DATA EXCERPTS below:

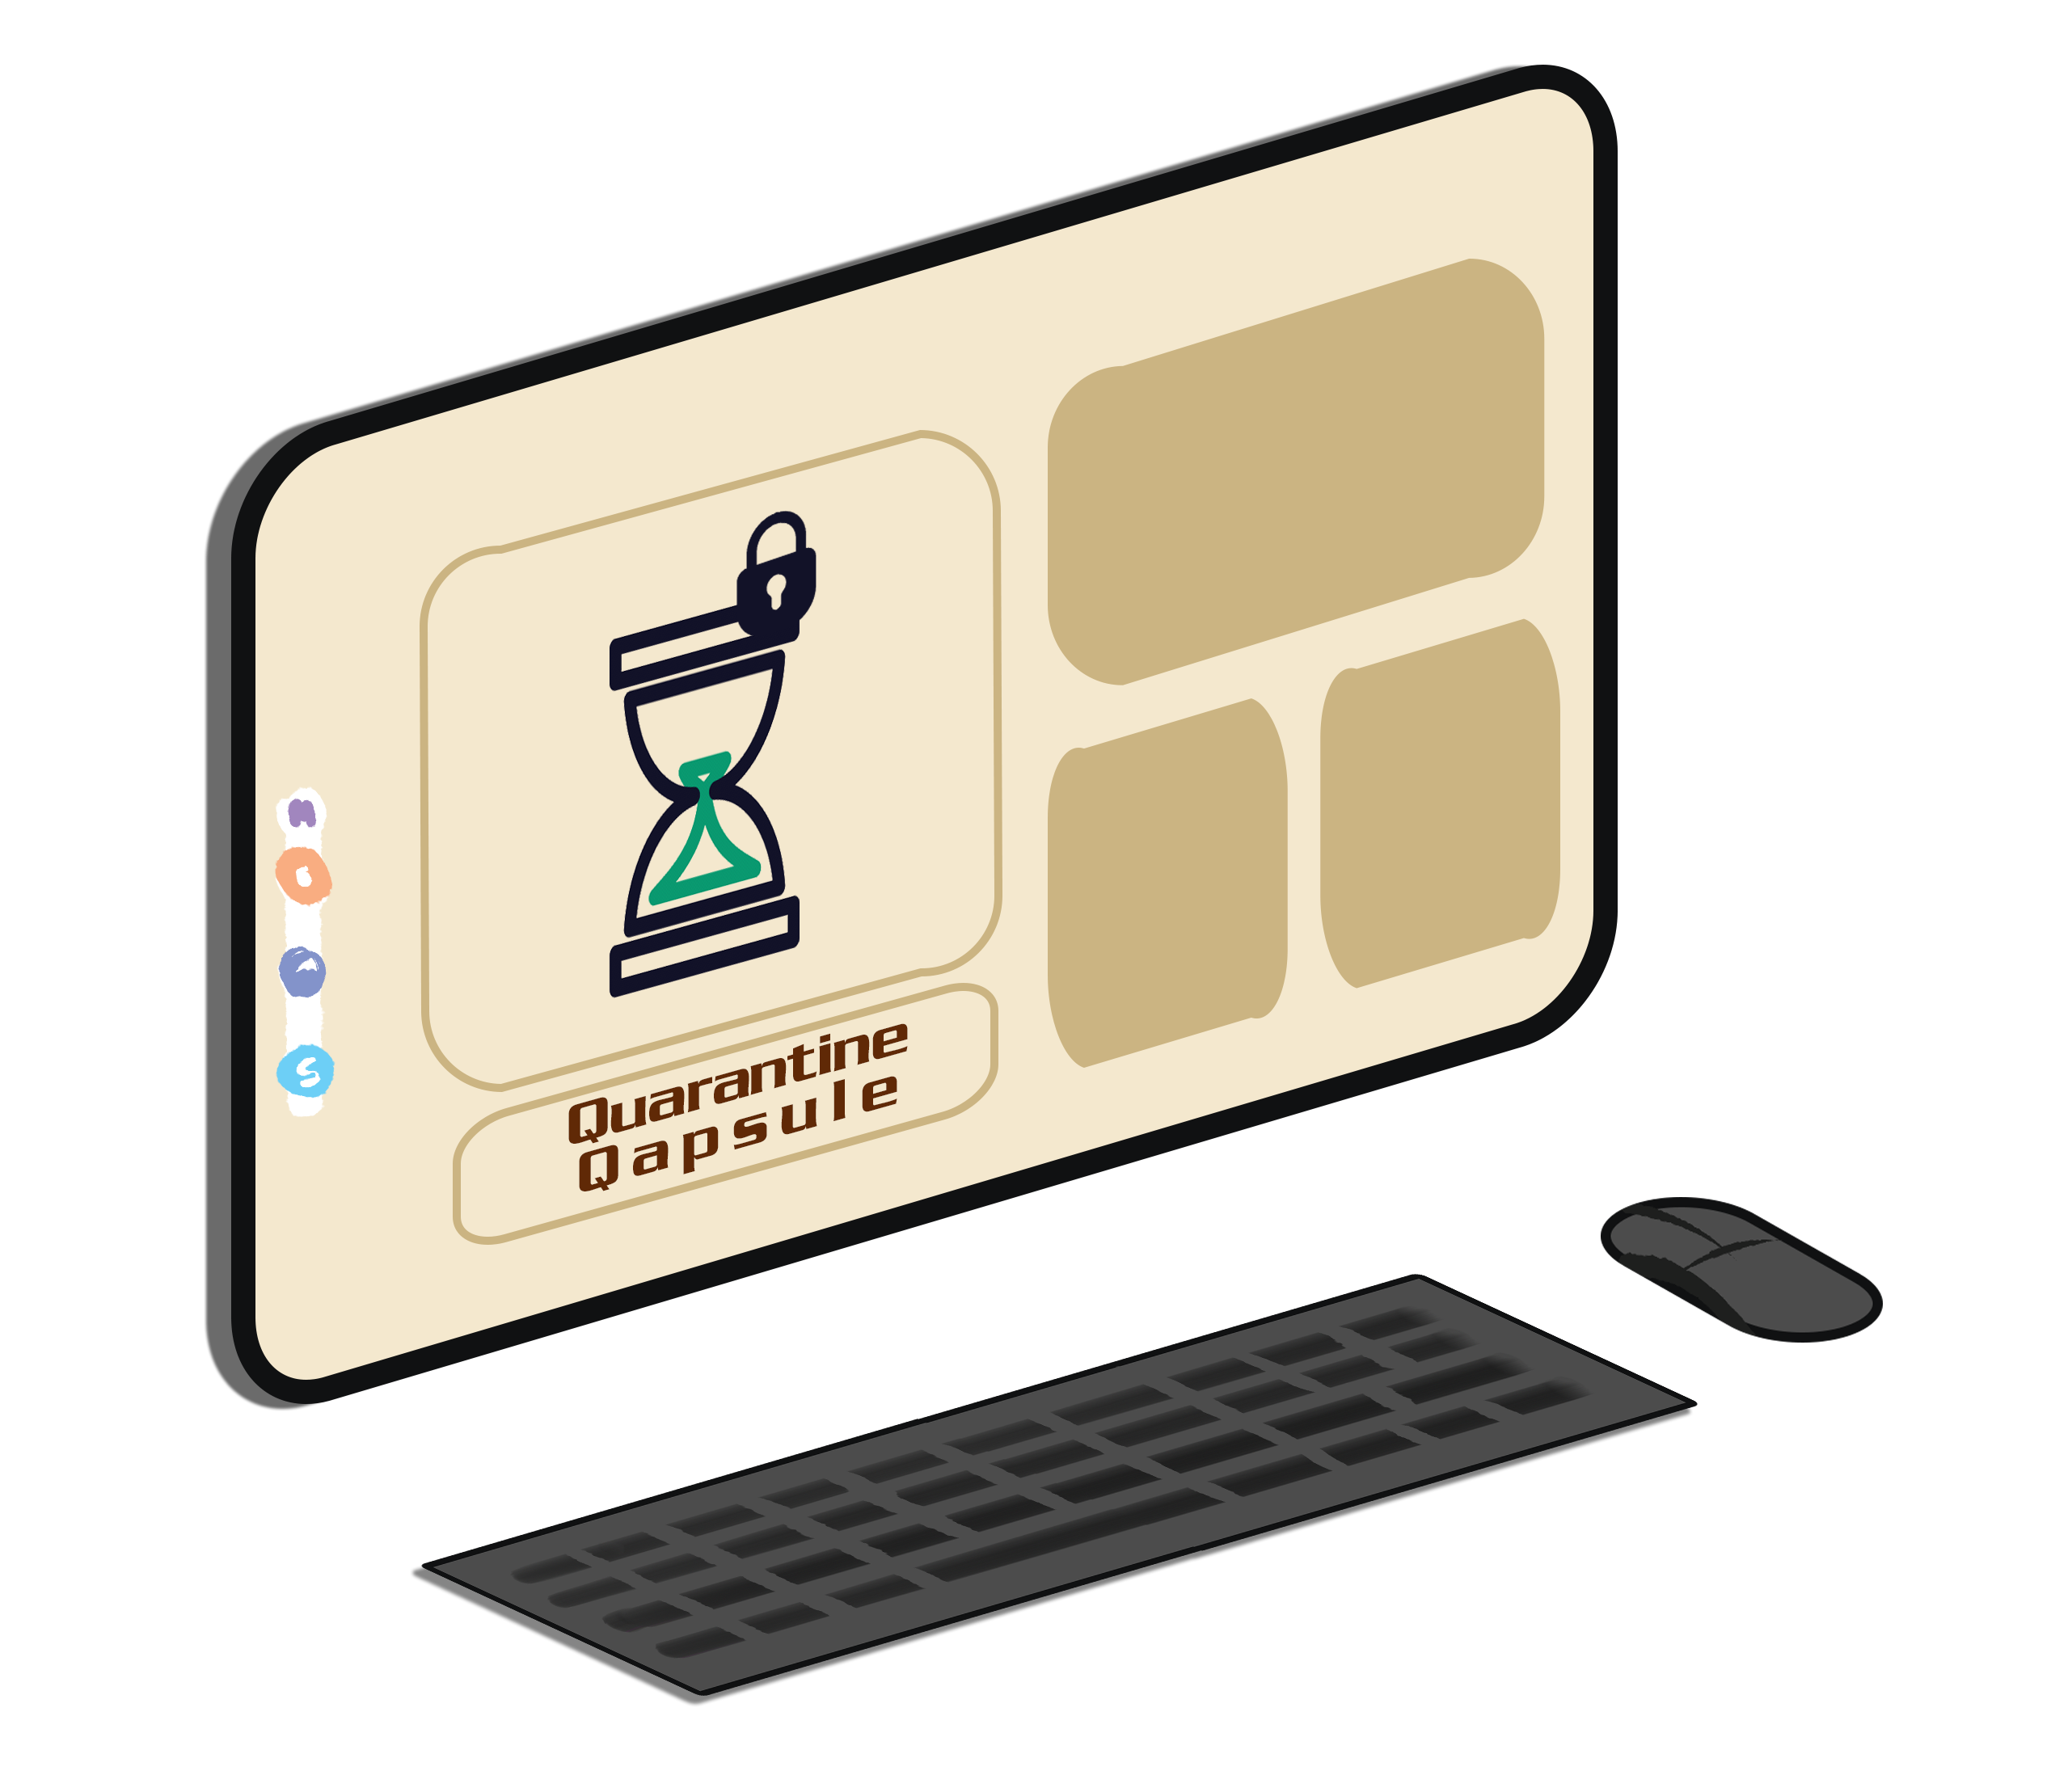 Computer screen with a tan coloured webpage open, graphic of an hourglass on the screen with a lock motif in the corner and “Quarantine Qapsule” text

End of DATA EXCERPTS.
DATA EXCERPTS below:

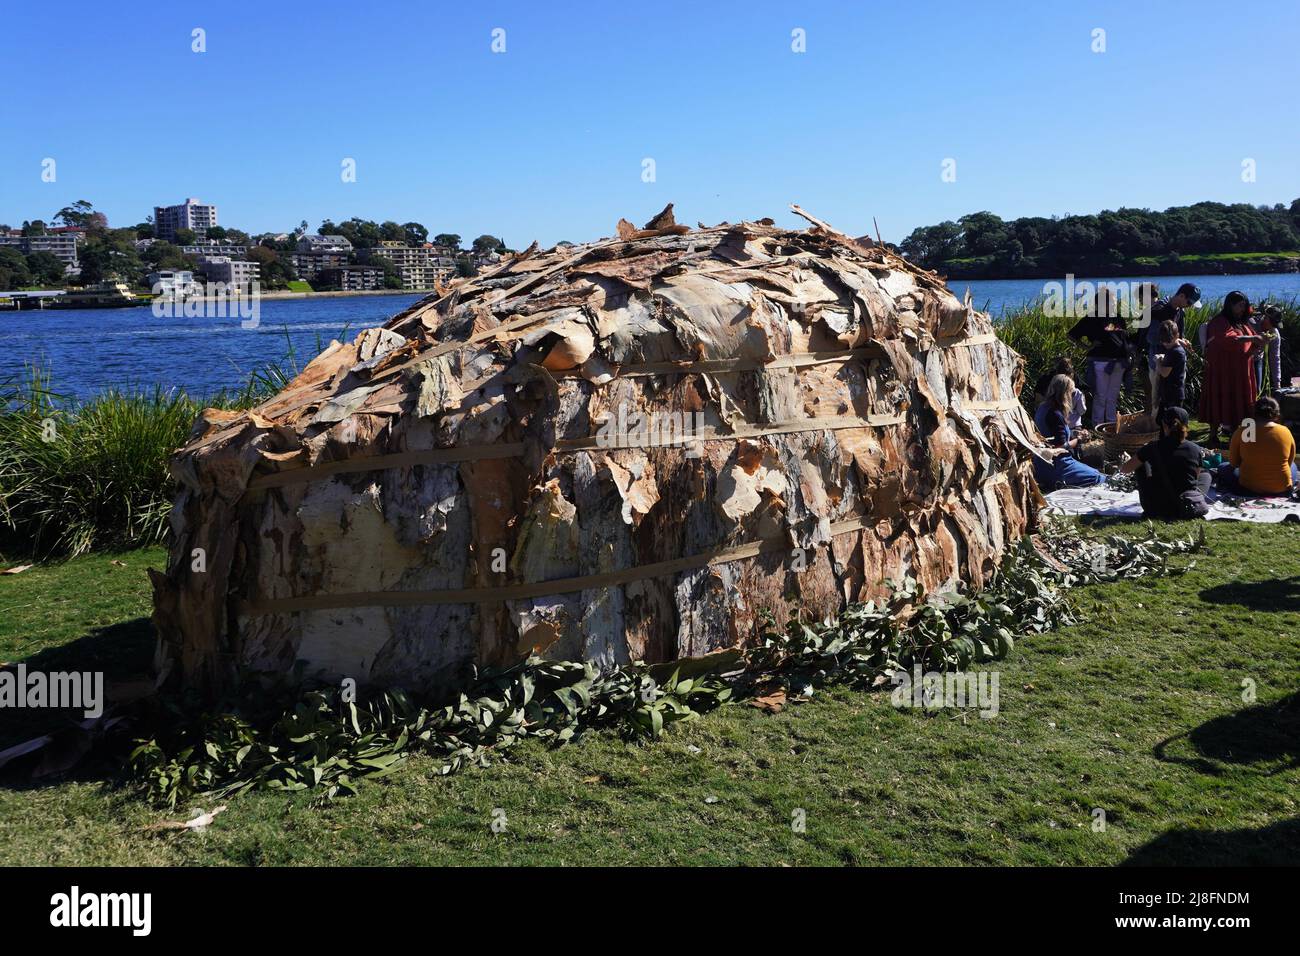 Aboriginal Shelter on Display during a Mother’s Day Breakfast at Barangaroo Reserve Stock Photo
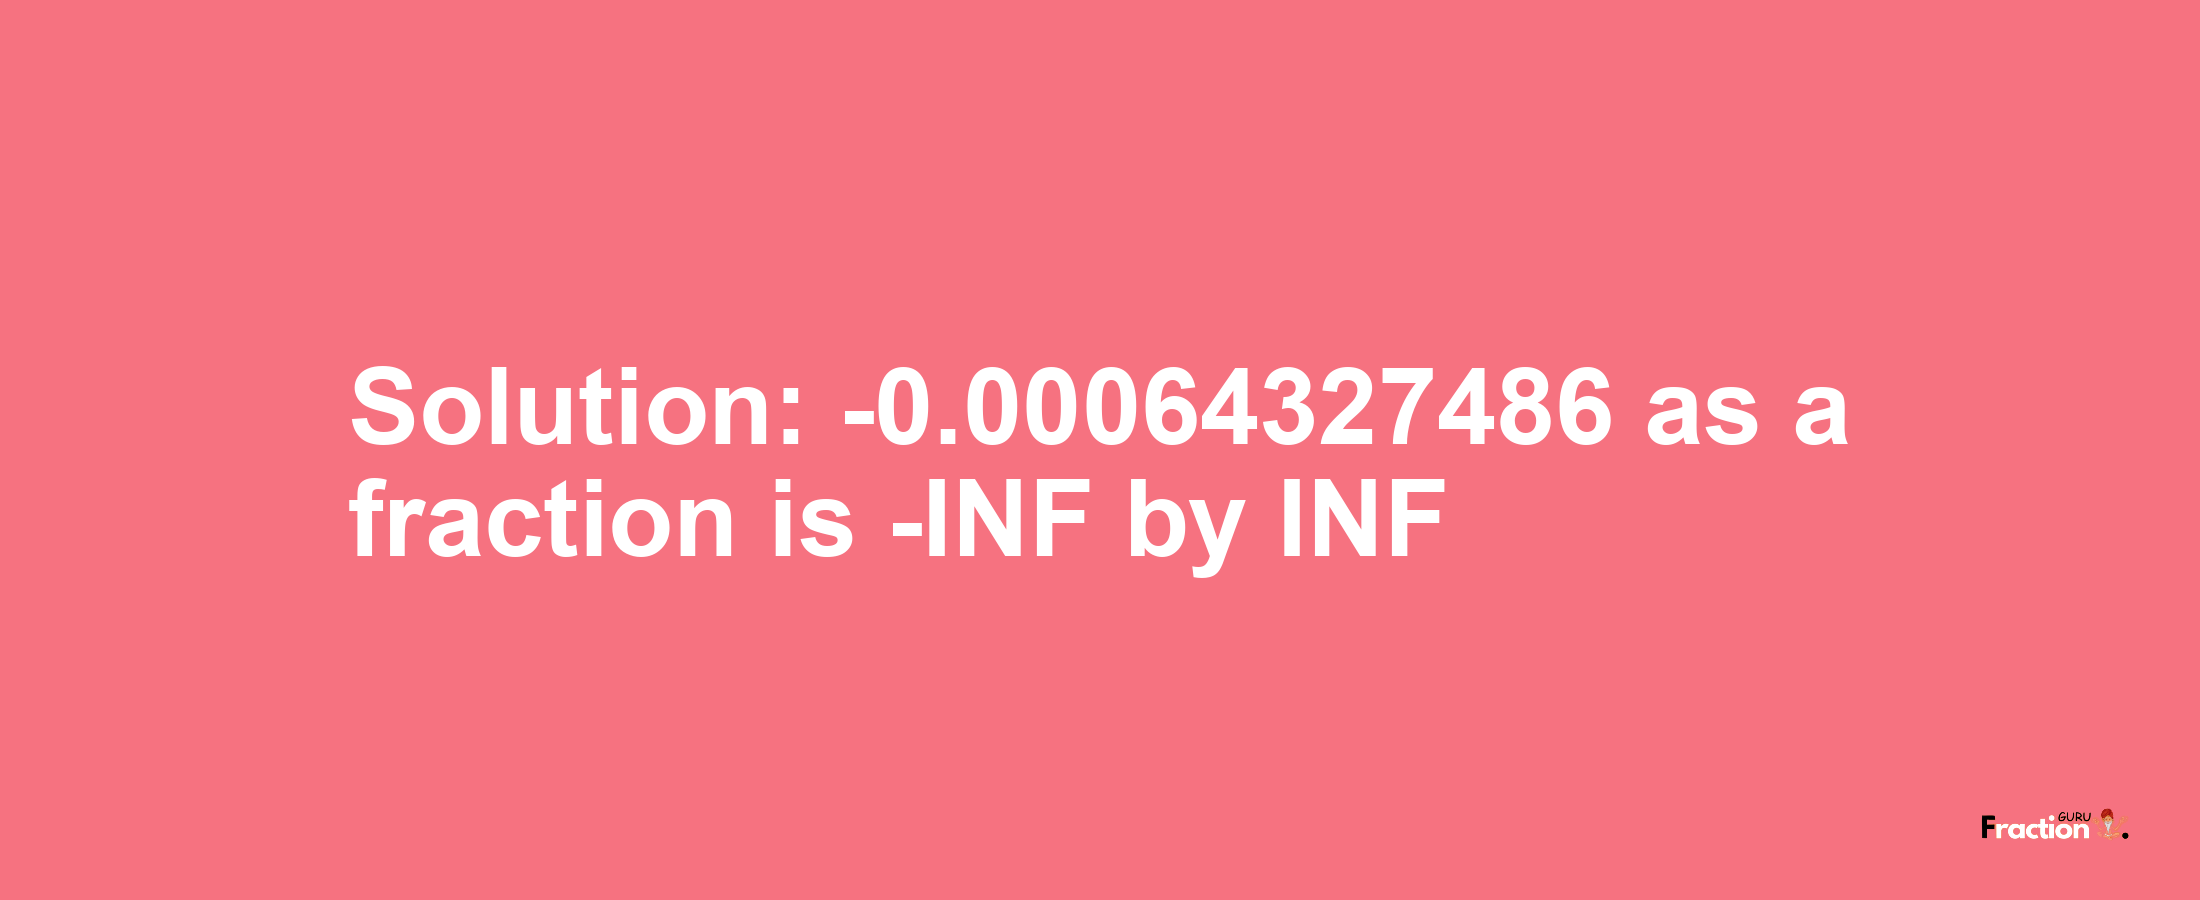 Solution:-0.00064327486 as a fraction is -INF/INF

End of DATA EXCERPTS.

*THE PROBLEM:*
If a picture sits between the line containing "Aboriginal Shelter on" and the line containing "Solution:-0.00064327486 as a", leave it out, and return the lines of that range above exactly, both ends included.

*WRITTEN SOLUTION:*
 Aboriginal Shelter on Display during a Mother’s Day Breakfast at Barangaroo Reserve Stock Photo
 Solution:-0.00064327486 as a fraction is -INF/INF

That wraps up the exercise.